### Description of the task:
Below are records; the lines starting at the one with "BNIB Too Faced" and ending at the one with "- Stock Vector" must be reproduced exactly, both included. Pictures must not appear.

### Records provided:
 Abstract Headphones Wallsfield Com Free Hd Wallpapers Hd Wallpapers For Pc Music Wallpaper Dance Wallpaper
* * *
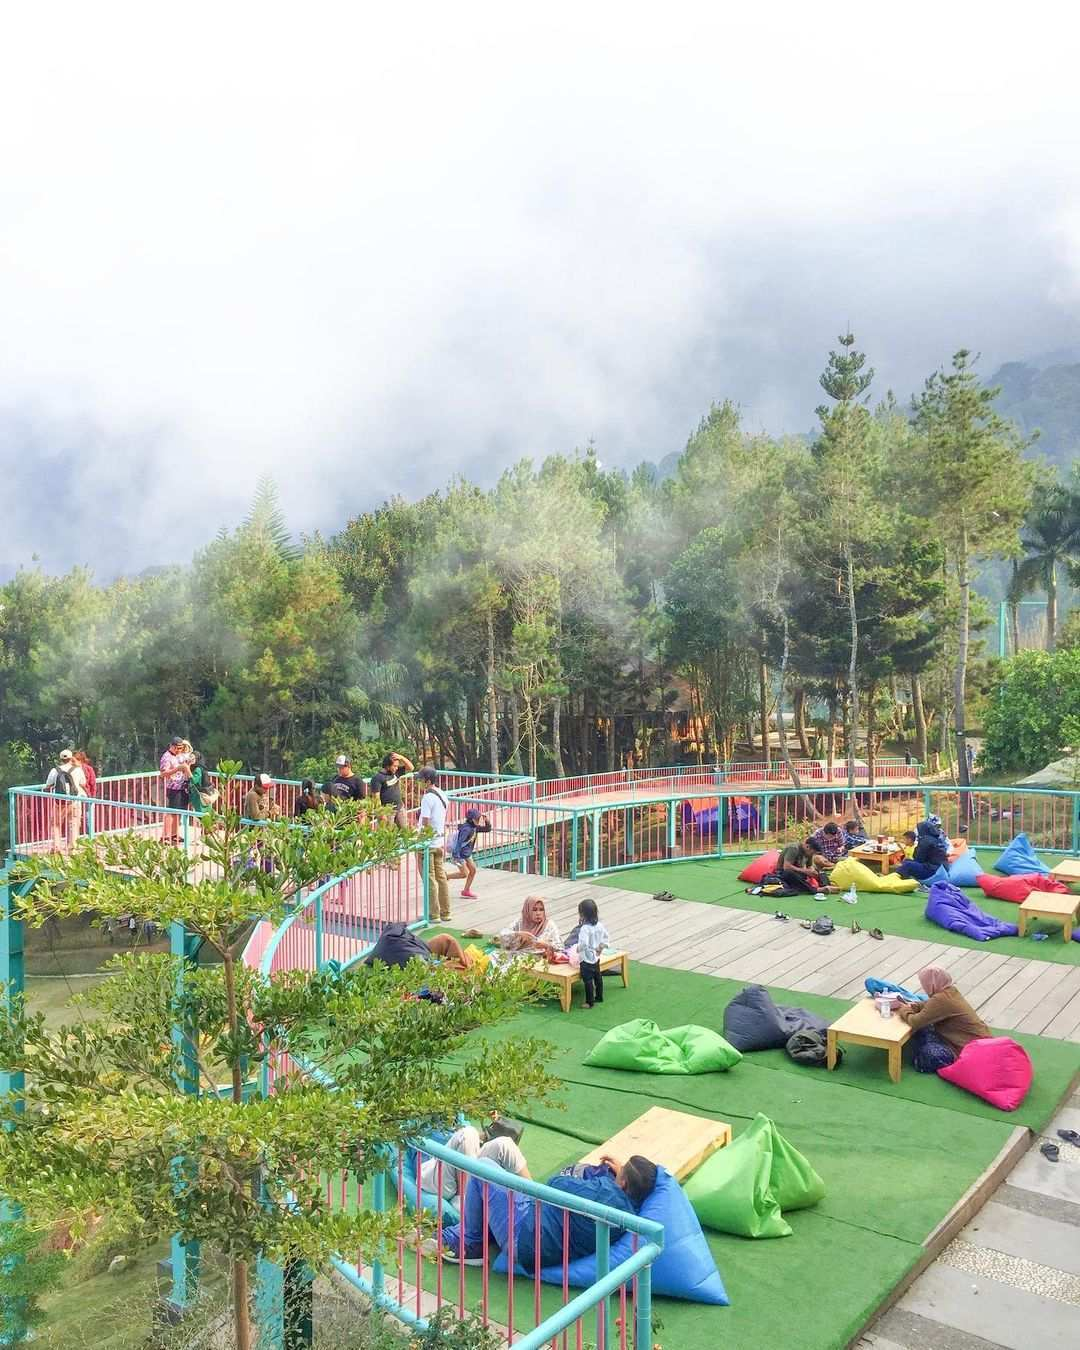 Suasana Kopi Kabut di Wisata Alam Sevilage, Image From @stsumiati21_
---
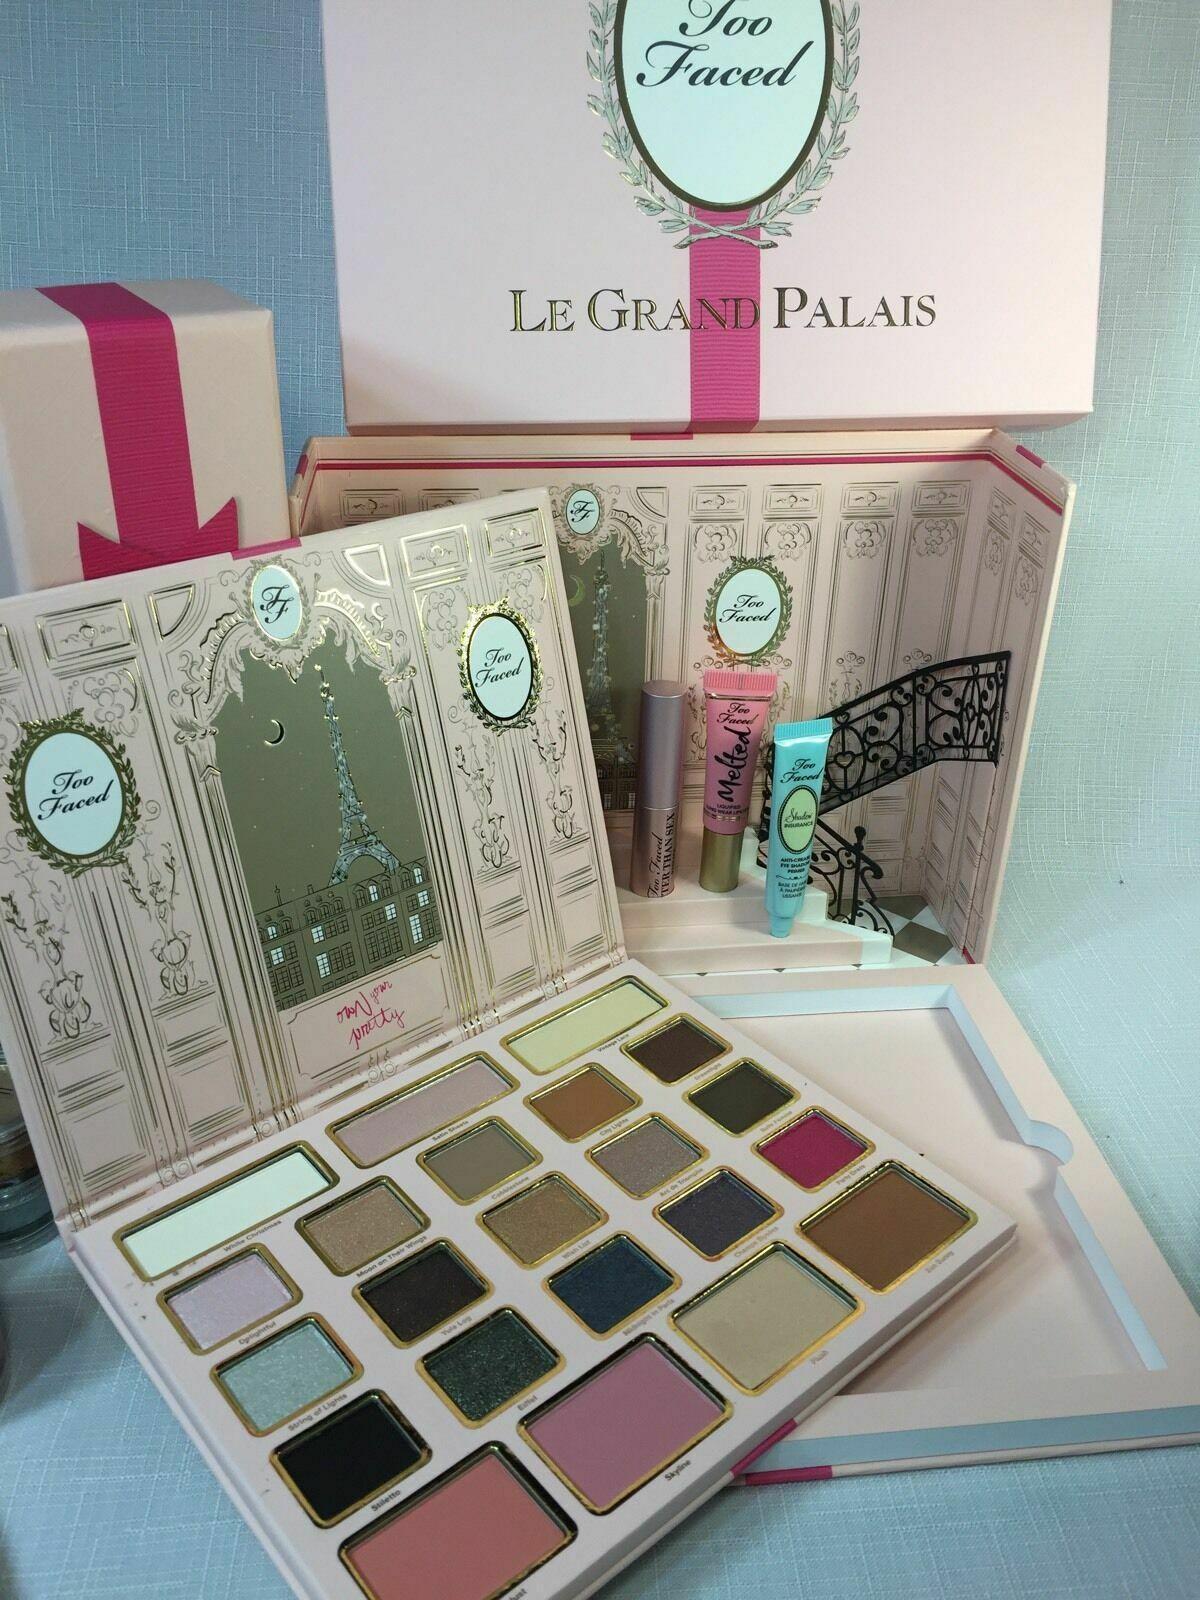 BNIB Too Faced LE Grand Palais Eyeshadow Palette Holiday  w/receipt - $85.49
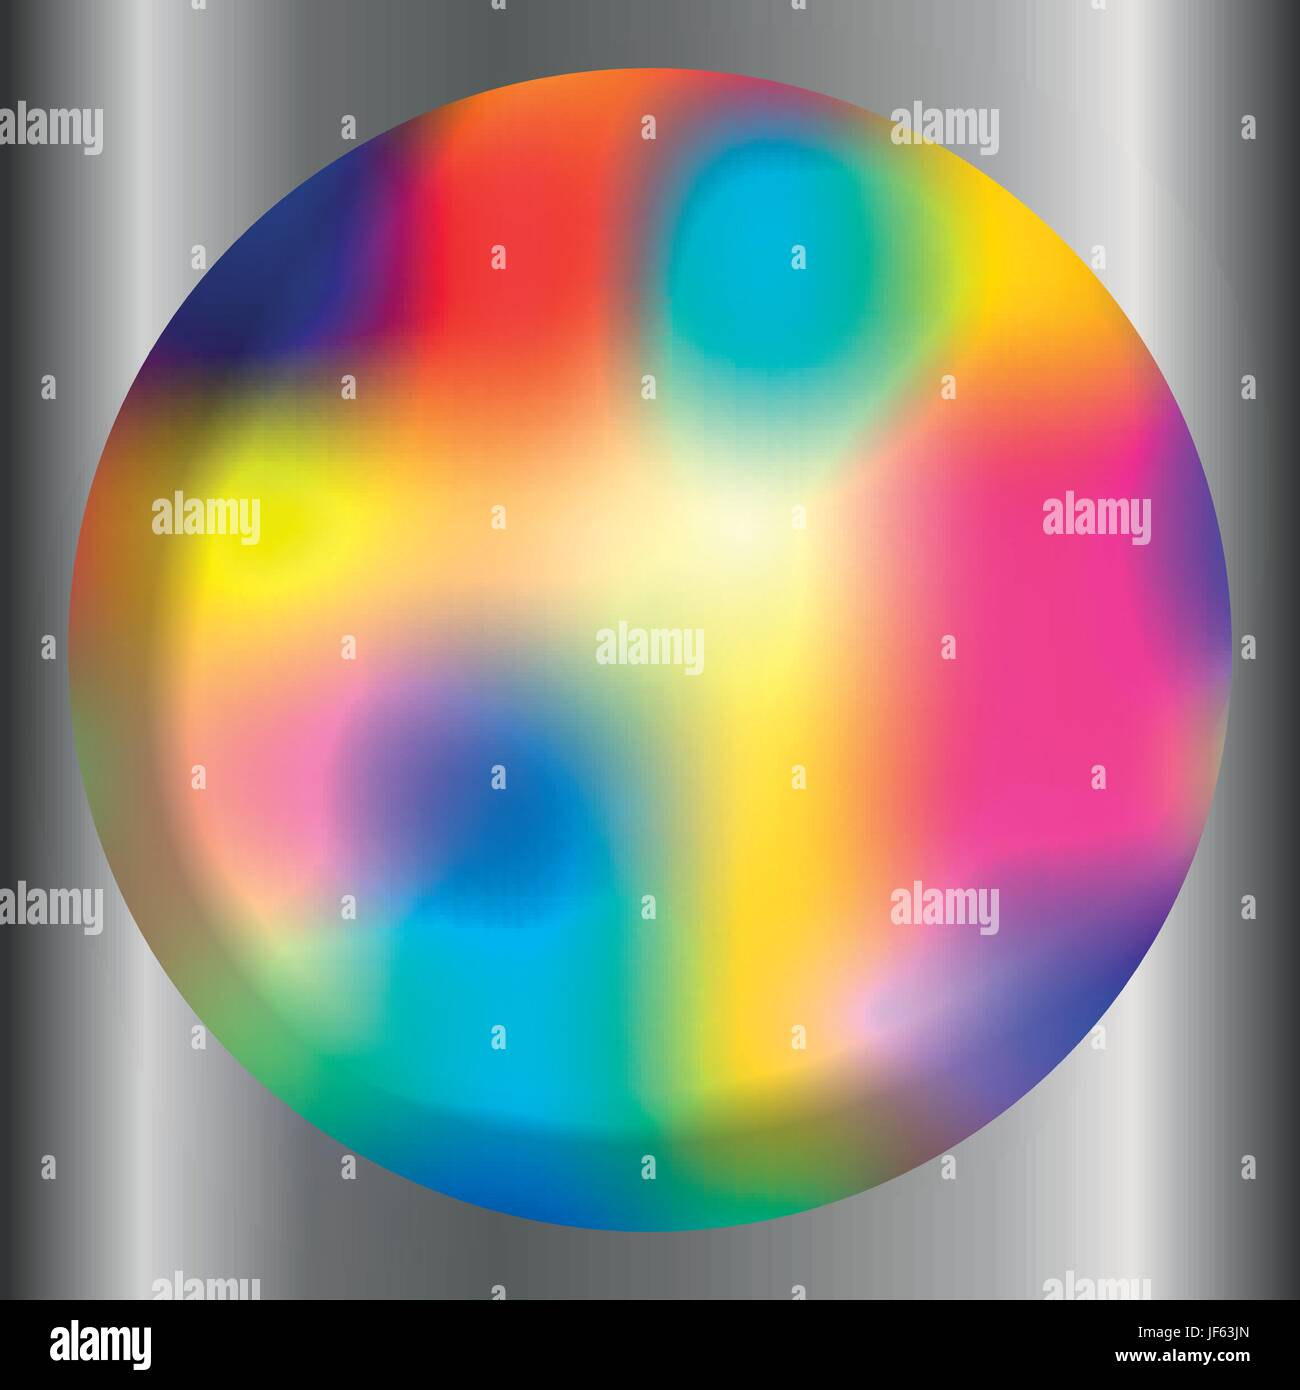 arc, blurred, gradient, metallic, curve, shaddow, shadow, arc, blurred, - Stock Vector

### Answer to this task:
 BNIB Too Faced LE Grand Palais Eyeshadow Palette Holiday  w/receipt - $85.49
 arc, blurred, gradient, metallic, curve, shaddow, shadow, arc, blurred, - Stock Vector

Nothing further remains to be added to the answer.